I'm an optimist. I try to see the best in everything, and I find it sad that you would rather spend your days in misery of the supposed pointlessness of something and the loathing of me for pointing out that it's only you making it pointless.
Quit getting annoyed when I refuse to be the "Group representative speaker". Sometimes it's your turn too.
I think you're freaking sexy, but if I give that away, I'm afraid it'll put me in the "groupie zone".
I don't only listen to Pavarotti and Beethoven! Yes, I play the classical violin. Fine. Do the piano players you know only listen to Pavarotti? I thought not, so please don't assume I do.
I want you to notice that I'm not feeling great.
I want you to care more than "Howryou?"
I make damn good brownies. It's not arrogant knowing they're good. We've established that they're good, so why does it make me vain by saying so?
Teachers like me. I'm not a teachers pet. I just try.
I participate. They see that. And?
I adore Christmas! Especially the joyous singing and cajoling.

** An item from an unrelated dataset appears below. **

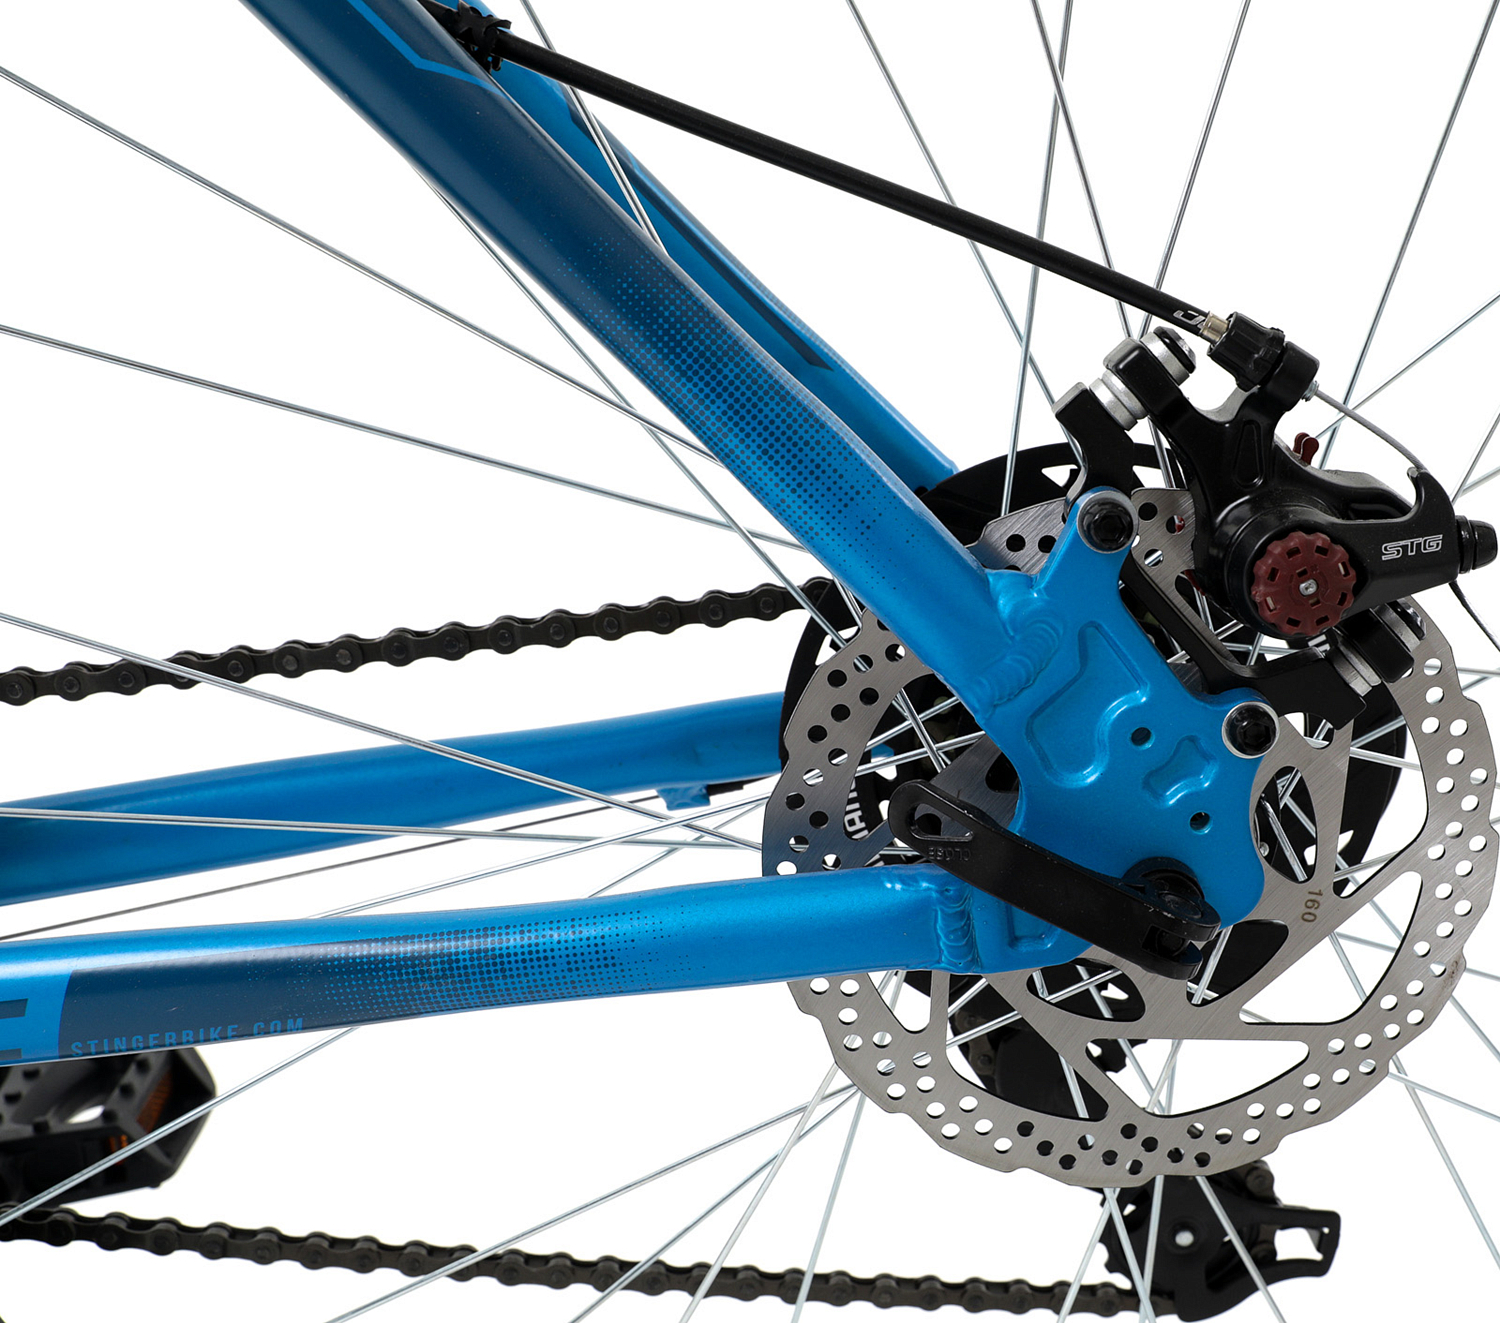 Велосипед Stinger Element Evo 29 Синий

I have a deep unfulfilled dream of going caroling.
I find you a threat. Actually no, my ego finds you a threat. You were always prettier, seemingly better and wittier than me.
My ego resents that semblance.
I want to play too, but why is it that every time I try to join in, I feel like a complete intruder?
I don't swear much, but would you please stop making a big deal out of it when I do. It's not that significant. Really!
I love Greek dancing. I'm great at it, and when I dance, I really dance. I'm not showing off. I'm just doing what I do.
I also think our dance group is awesome. Don't mistake pride for big-headedness please.
I'm scared that I'll go through high school without someone I like liking me back.
I like speaking the way I do. It's my personal brand of highfalutin, complete with long words you may or may not
understand. Here's a long word:supercalifragilisticexpialidocious.
You may not have noticed, but I've been here for 10 and a half hours. I started feeling light headed 6 hours in and I feel like I'm going to pass out any second now. I work harder than you know.
We have three things in common. I'm not a boring person.
We just have three things in common.
McDonald's is disgusting. A man once buried a Big Mac and a year later he unburied it and it looked exactly the same. Ew.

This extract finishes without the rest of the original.